SuaraJogja.id - Ratusan orang civitas academica Universitas Gajah Mada menyatakan sikap perlawanan terhadap pelemahan Komisi Pemberantasan Korupsi (KPK).
Mereka menggelar demonstrasi dengan mengenakan pakaian serba hitam di Balairung Gedung Pusat UGM, Minggu (15/9/2019).
Pernyataan sikap dipimpin oleh Ketua Dewan Guru Besar UGM, Profesor Koentjoro. Dia mengatakan amanah reformasi telah melahirkan KPK, lembaga antirasuah yang tumbuh dan berkembang bersama demokrasi serta mendapat kepercayaan publik luas, bahkan menjadi rujukan internasional.
“Namun, dalam beberapa pekan terakhir muncul upaya sistematis pelemahan KPK dan gerakan anti korupsi yang agresif dan sungguh brutal, hal ini sungguh melecehkan moralitas bangsa ini,” kata dia, seperti diberitakan Harianjogja.com—jaringan Suara.com.
Baca Juga:KPAI Sayangkan Anak-anak Tak Tahu Isu Revisi UU KPK Diajak Demo
Pengajuan RUU KPK yang tidak mengikuti prosedur legislasi, proses pemilihan capim KPK yang penuh kontroversi, bahkan teror kepada para akademisi aktivis antikorupsi, tidak saja melemahkan KPK, namun juga melemahkan gerakan anti korupsi bahkan melemahkan sendi-sendi demokrasi.
“Jika kondisi ini dibiarkan, maka amanah reformasi dan konstitusi berada dalam kondisi yang amat berbahaya,” ujar dia.
Oleh karena itu, menyikapi berbagai proses sistematis pelemahan KPK, gerakan anti korupsi, amanah reformasi dan bahkan amana konstitusi, dosen dan civitas academica UGM menuntut lima poin terhadap DPR dan Pemerintah.
“Pertama, menghentikan segala tindakan pelemahan terhadap KPK,” kata dia.
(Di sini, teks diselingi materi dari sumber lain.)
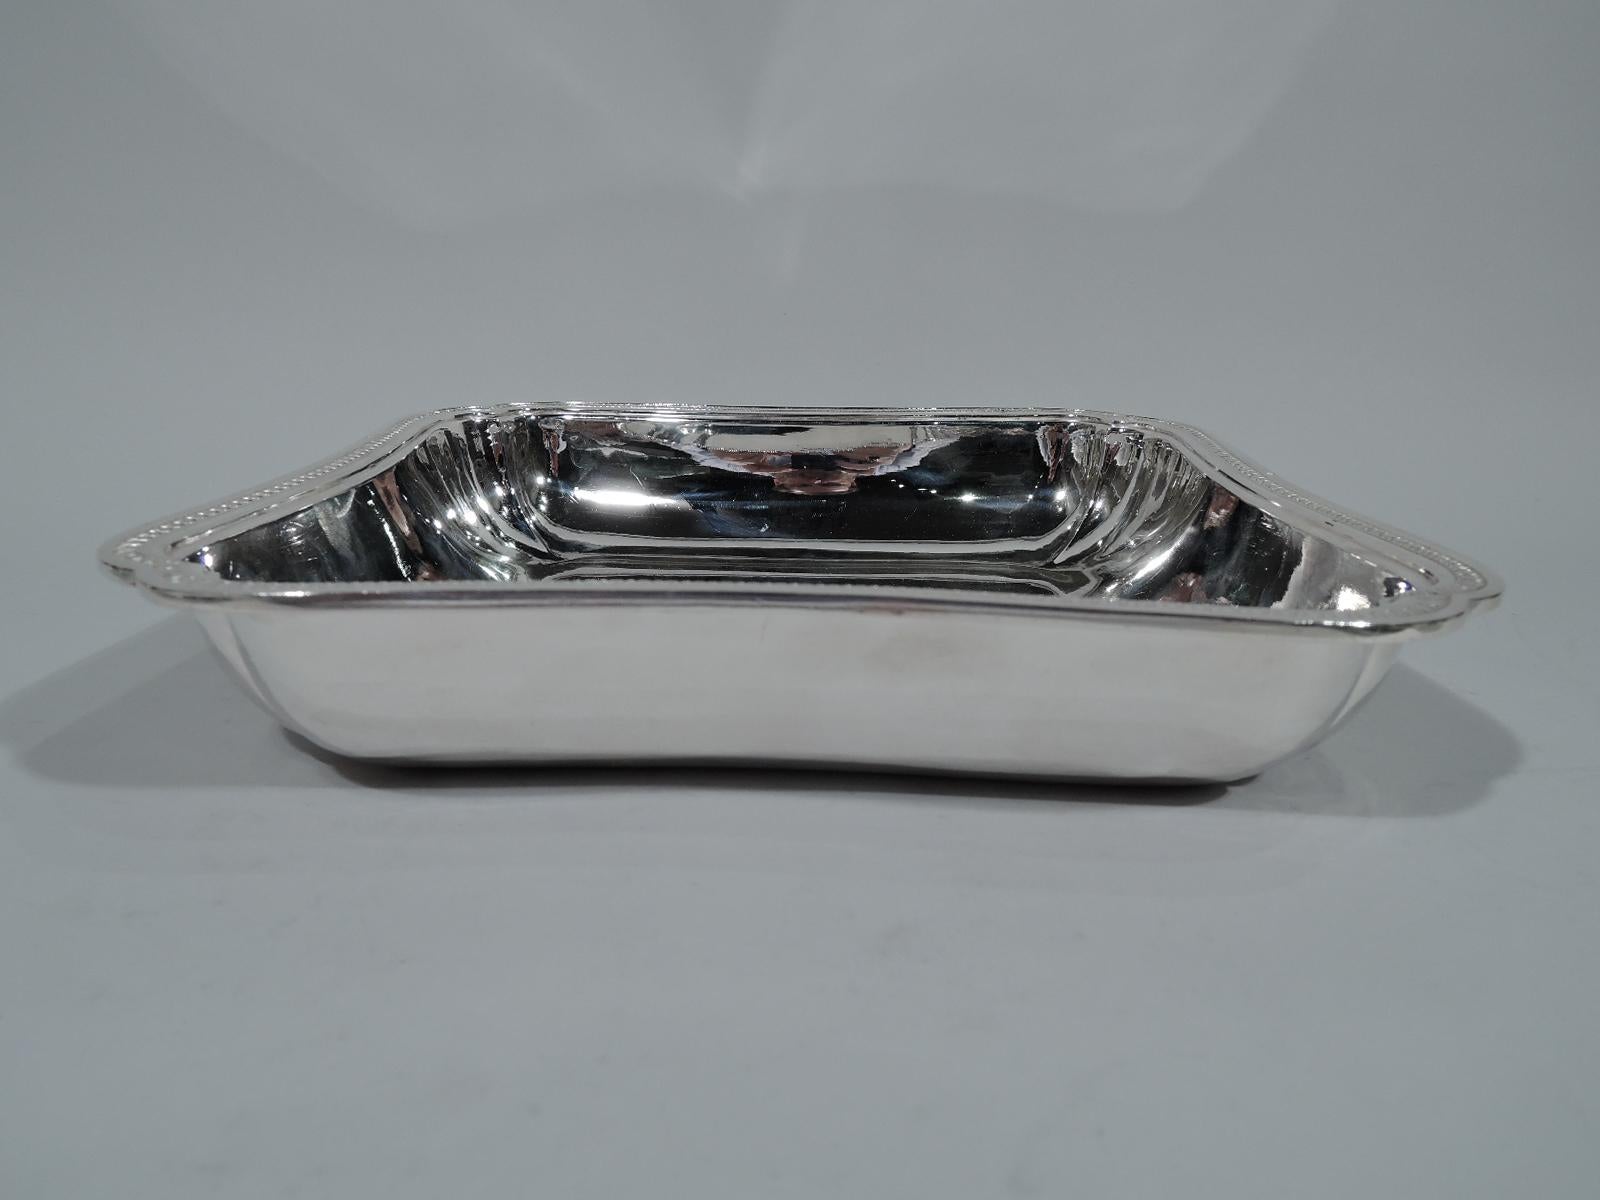 French 950 silver serving bowl, circa 1900. Square with concave sides and lobed corners. Overhanging rim has classical leaf-and-dart border and double-scroll corners. Stylish and restrained. Fully marked with Minerva head and indistinct maker’s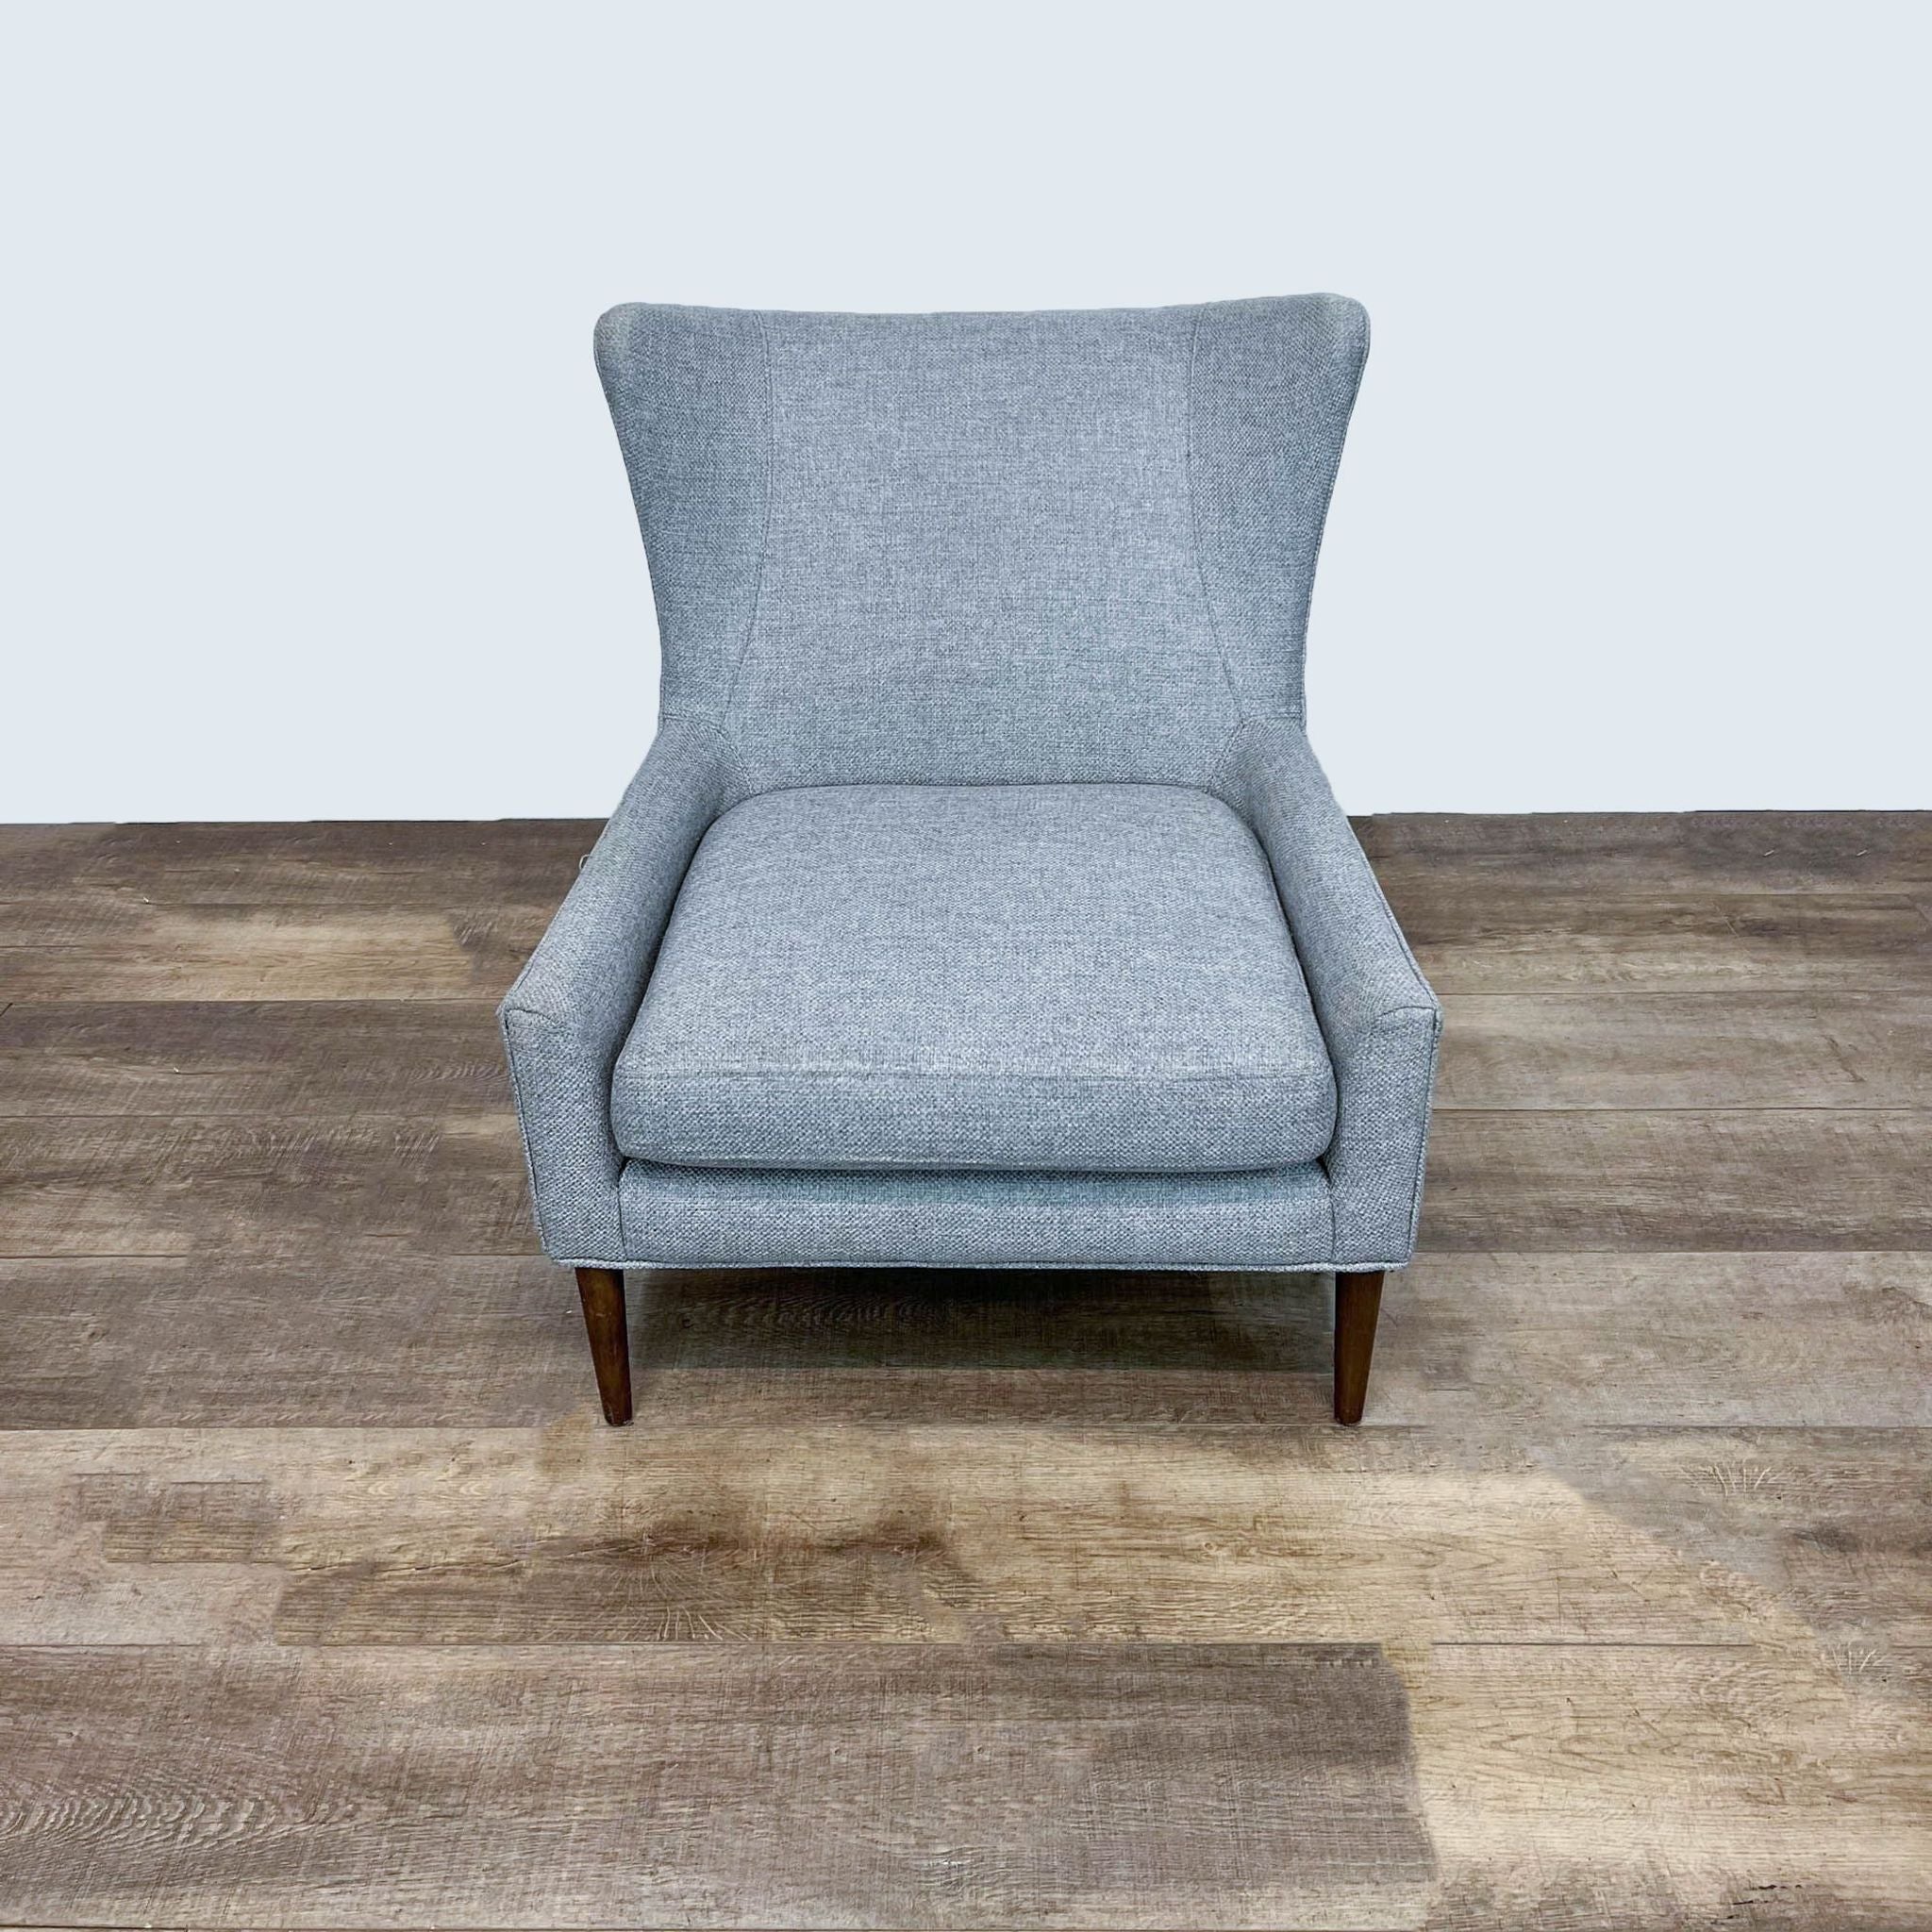 Modern Marlow chair by Four Hands, front view, showcasing sleek lines with gray fabric and tapered wooden legs.

Kedua, menghentikan pembahasan revisi UU KPK, karena prosedur dan substansinya yang dipaksakan berpotensi meruntuhkan sendi-sendi demokrasi dan menjadi akar dari carut marut persoalan akhir-akhir ini.
Baca Juga:Aksi Superhero Dukung Revisi UU KPK
Ketiga, mengevakulasi pembahasan RUU lain yang melemahkan gerakan anti-korupsi. Pisahkan pasal-pasal antikorupsi dari revisi UU KUHP serta lakukan revisi UU Tipikor untuk mengakomodasi rekomendasi dari Konvensi Antikorupsi PBB (UNCAC).
“Pembahasan beberapa RUU SDA, misalnya soal pertanahan tidak perlu dipaksakan selesai dalam waktu dekat untuk memastikan tidak adanya state captured corruption,” ujar dia.
"Keempat, menyadari situasi krisis dan mengakui bersama bahwa kita telah bergeser dari amanah reformasi dan amanah Konstitusi. Bangsa Indonesia wajib kembali ke rel demokrasi, sesuai haluan reformasi dan amanah konstitusi. Kelima, semua ini harus dilaksanakan dengan segera secara efektif dan dalam tempo yang sesingkat-singkatnya,” ucap dia.